Dikisahkan dimasa masyarakat Belanda mendekati akhir kekuasaannya, ada
seorang bangsa Belanda gitarnya rusak terjatuh. Lalu dibetulkan oleh
kalangan masyarakat pribumi ahli kayu di desa Kepandean yang merupakan
nenek buyut Pa Sugra, warga Desa Kepandean, yang hingga akhir hayatnya
beberapa tahun lalu (2003) dikukuhkan sebagai penemu Tarling.

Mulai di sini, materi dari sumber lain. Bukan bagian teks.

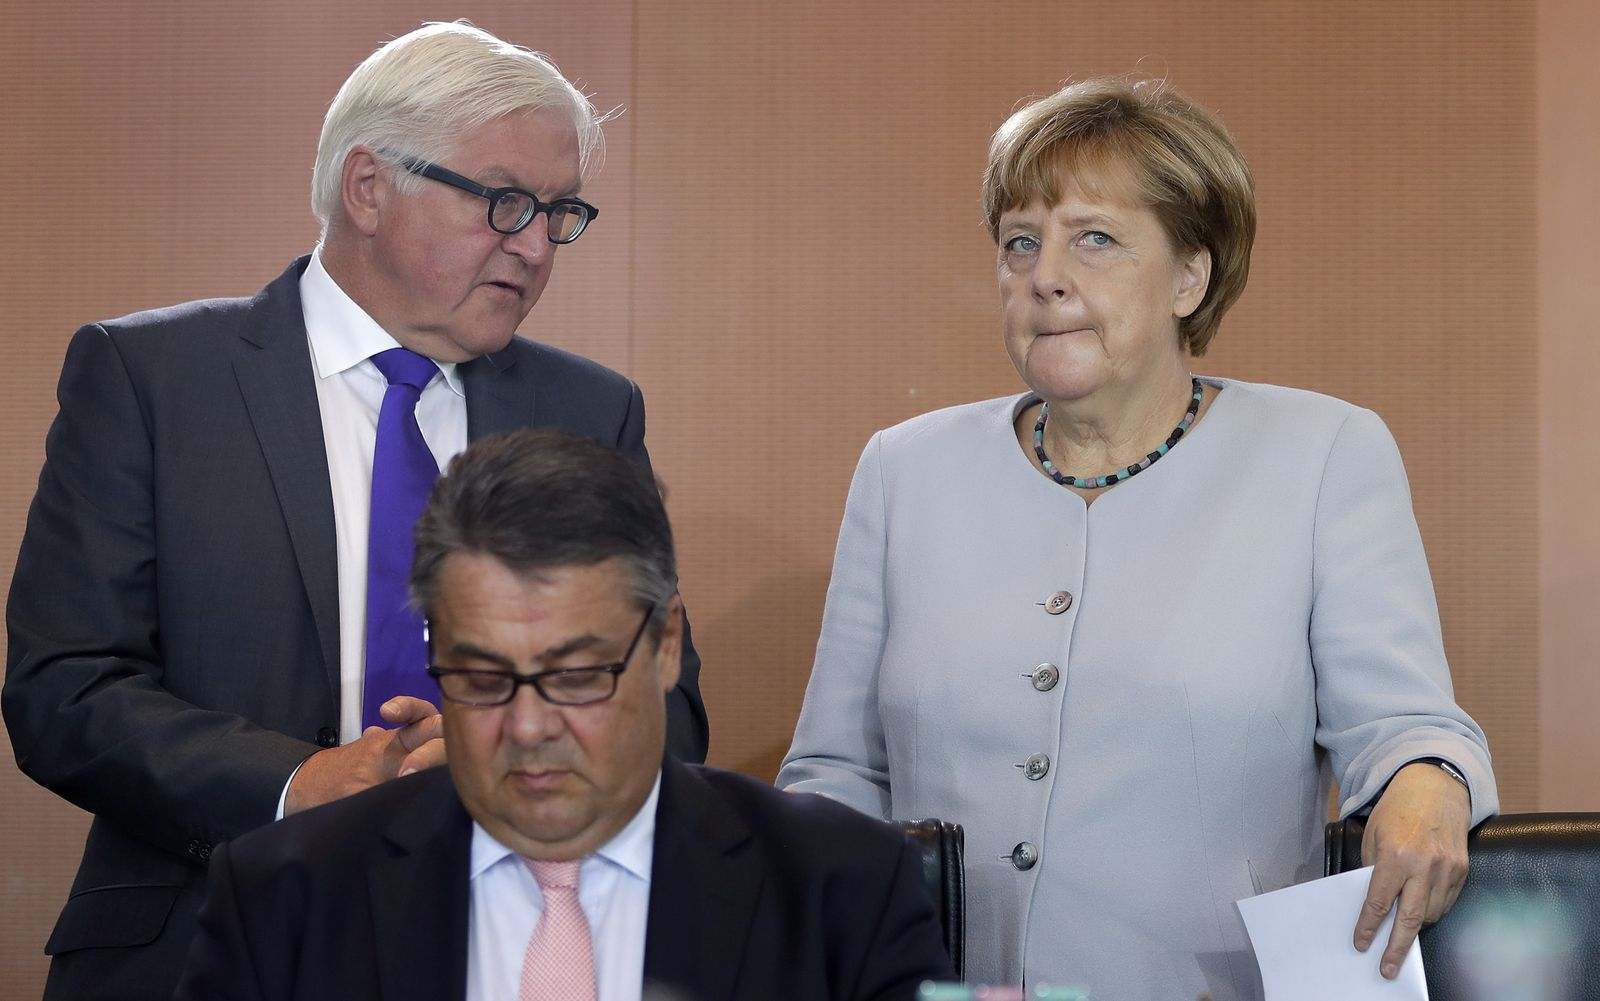 Merkel/ Steinmeier/ Gabriel

Karena ia
adalah keturunan terakhir ahli kayu dan juga pembuat gitar yang meniru gitar
jaman Belanda.
Pada saat kakek buyut Pa Sugra membetulkan gitar yang pecah itu, ia
iseng memetik dawai gitar. Ternyata saat dipetik suaranya ada yang mirip
dengan suara gamelan. Adapun masyarakat pada zaman itu rata-rata faseh
dengan irama gamelan sebagai alat hiburan yang digunakan dalam bermain
musik dengan laras kiser, bendrong, bayeman, kasmaran, macan ucul dll.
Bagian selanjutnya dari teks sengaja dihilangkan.